A friend made an obscure reference to the show one evening, and set about trying to locate an episode on the Internet. The show wasn't included in Amazon (Nasdaq: AMZN  ) Prime, the company's shipping and streaming club, of which she's a member. So she tried to buy it. When she ran into difficulties, I turned to Apple (Nasdaq: AAPL  ) iTunes and also attempted to download the show.

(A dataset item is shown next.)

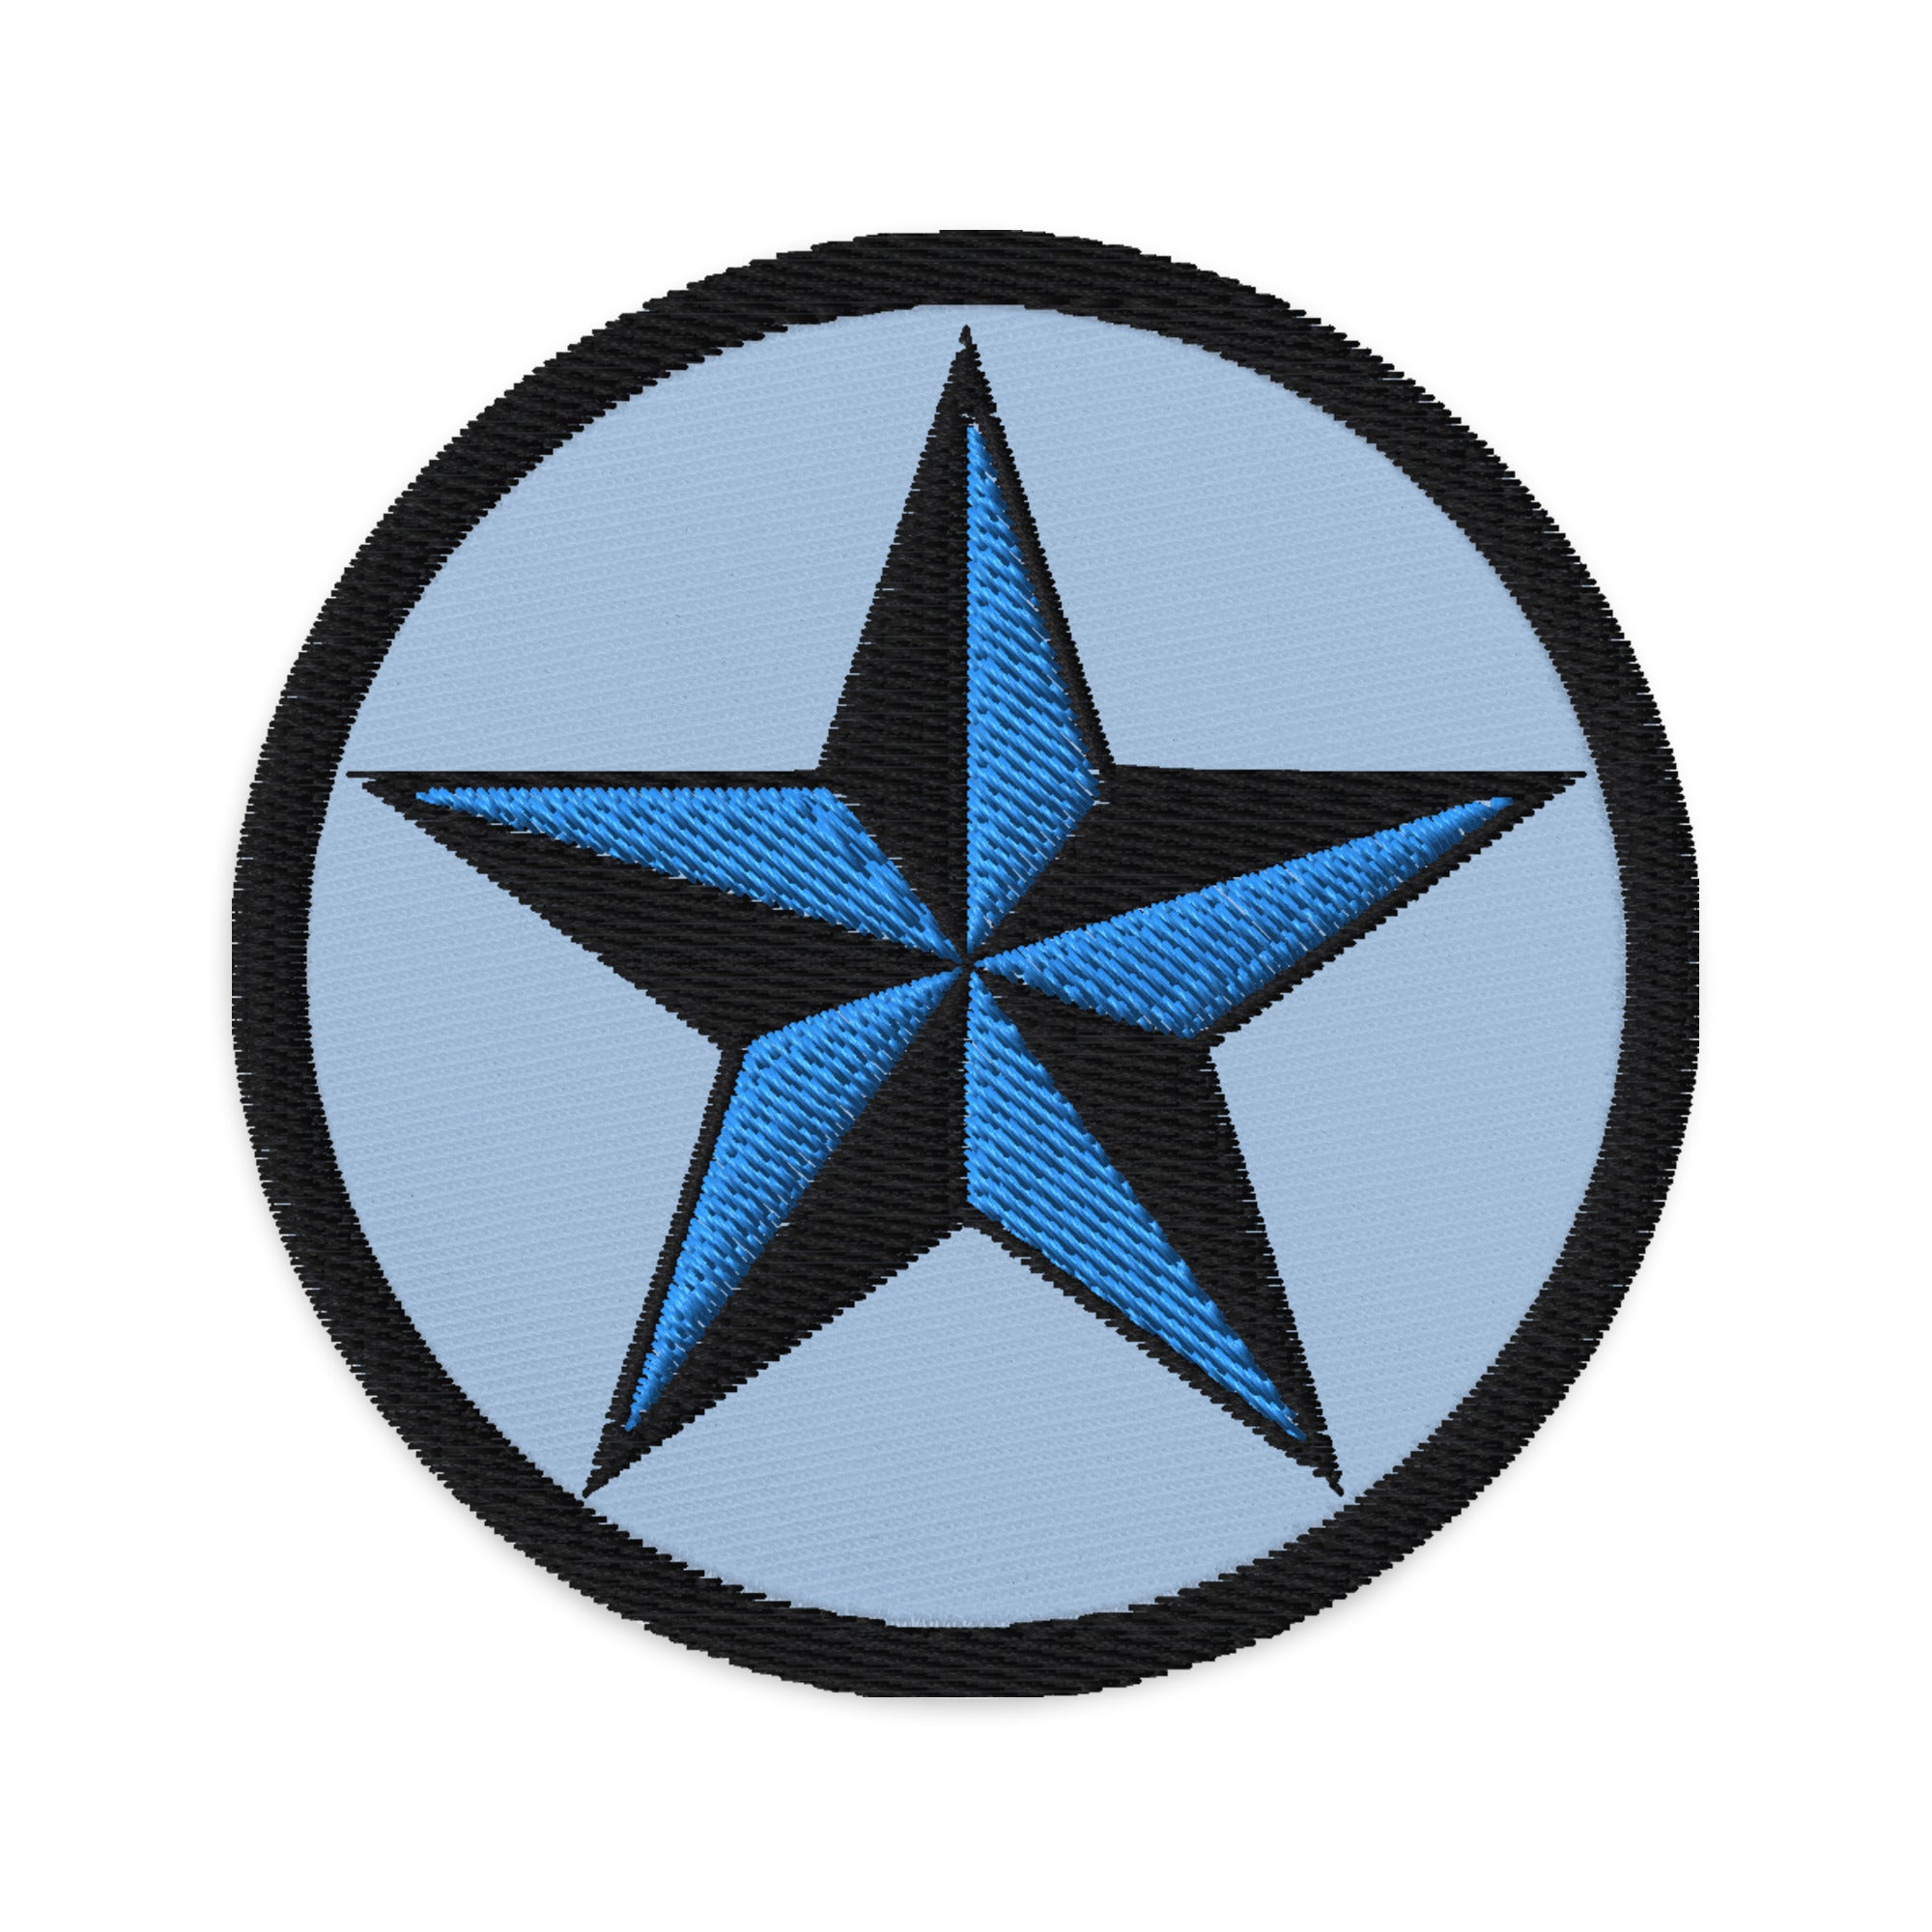 Nautical Star North Star Embroidered Patch Blue / Black Thread - Edge of Life Designs

What resulted was a tortoise and the hare race to the finish. Who won says a lot about the future of streaming.

Something for nothing?
Gilmore Girls ran from 2000-2007 and landed places on Entertainment Weekly's "New TV Classics" list and TIME magazine's "100 Best TV Shows of All Time." In other words, not an obscure show, and not predigital. I expected locating it to be fairly easy.

As my friend logged into her computer and I into mine, I thought, "Surely this is free somewhere." After all, most of the major players announced new content deals this weekend, including Hulu, owned by Comcast's (Nasdaq: CMCSA  ) NBC, News Corp.'s (Nasdaq: NWS  ) Fox channel, Walt Disney's (NYSE: DIS  ) ABC, a private equity firm, and the Hulu team, which announced a new deal with the CW channel; Google's (Nasdaq: GOOG  ) YouTube, which has secured content deals for exclusive celebrity and branded content; and Netflix, which announced it had renewed its current deal for ABC, ABC Family, and the Disney Channel. Amazon also announced a licensing agreement for ABC, ABC Family, and the Disney Channel, as well as Marvel comics.

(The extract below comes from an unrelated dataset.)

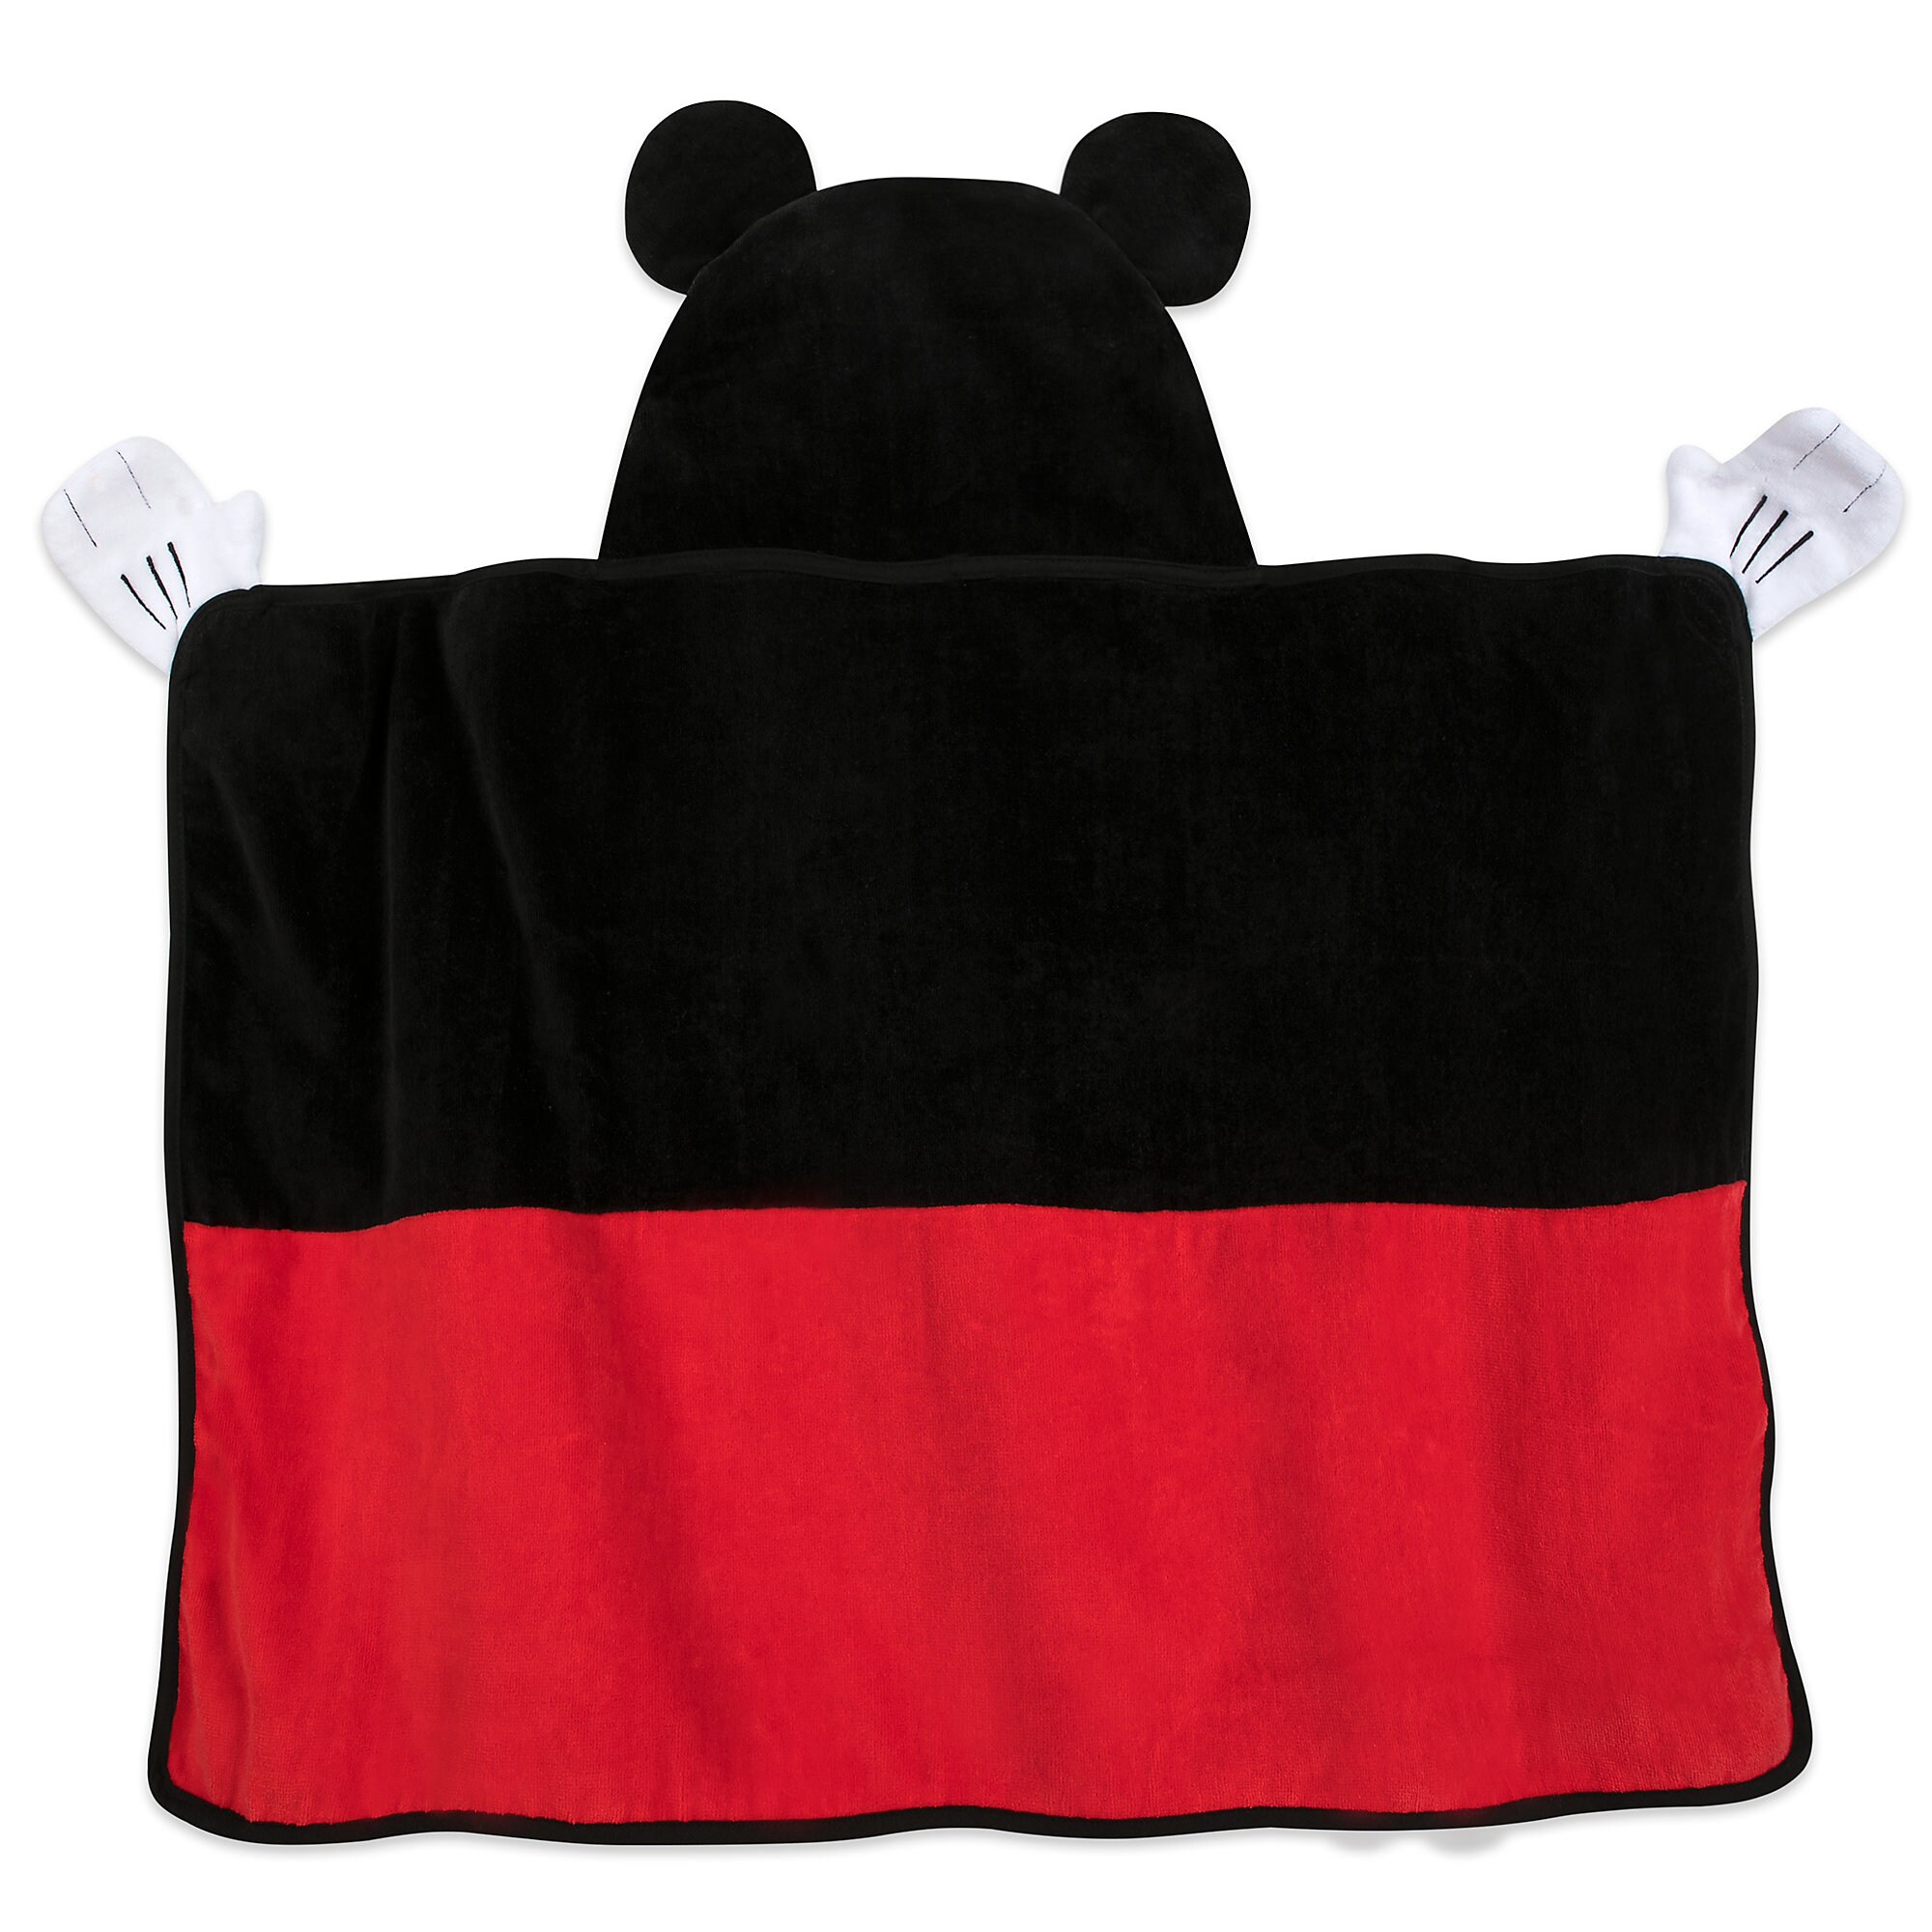 Mickey Mouse Hooded Towel for Baby - Personalized

But neither Hulu nor YouTube carries the show, nor did my friend's paid subscription to Amazon Prime. We ruled out Netflix (Nasdaq: NFLX  ) immediately. I canceled my membership recently, but even if I hadn't, it wouldn't have mattered. The Red Envelope doesn't offer Gilmore Girls via streaming. (Foolish colleague Robert Eberhard says the lack of streaming Gilmore Girls is why he canceled his Netflix account, but I suspect he was kidding.)

Had we thought of it earlier, we could have checked the DVDs out for free from my local library, which carries the entire series. But it was too late. That left paying. This is how it went down.

One at a time or all at once
On Amazon, my friend had the option to either purchase the episode for $1.99 or the season for $15.99. As an indicator of the obsolescence of DVDs, she also had the option of purchasing the box set of the season new for $24.99 or used for $18.99. At iTunes, my purchase cost $2.99 but downloaded both the HD and regular versions.

Content (availability) is king
Most streaming options fall into three categories: watch for free, watch as part of a monthly or annual subscription (such as Hulu Plus and Amazon Prime), or purchase. But the future may be in an untapped market: rentals.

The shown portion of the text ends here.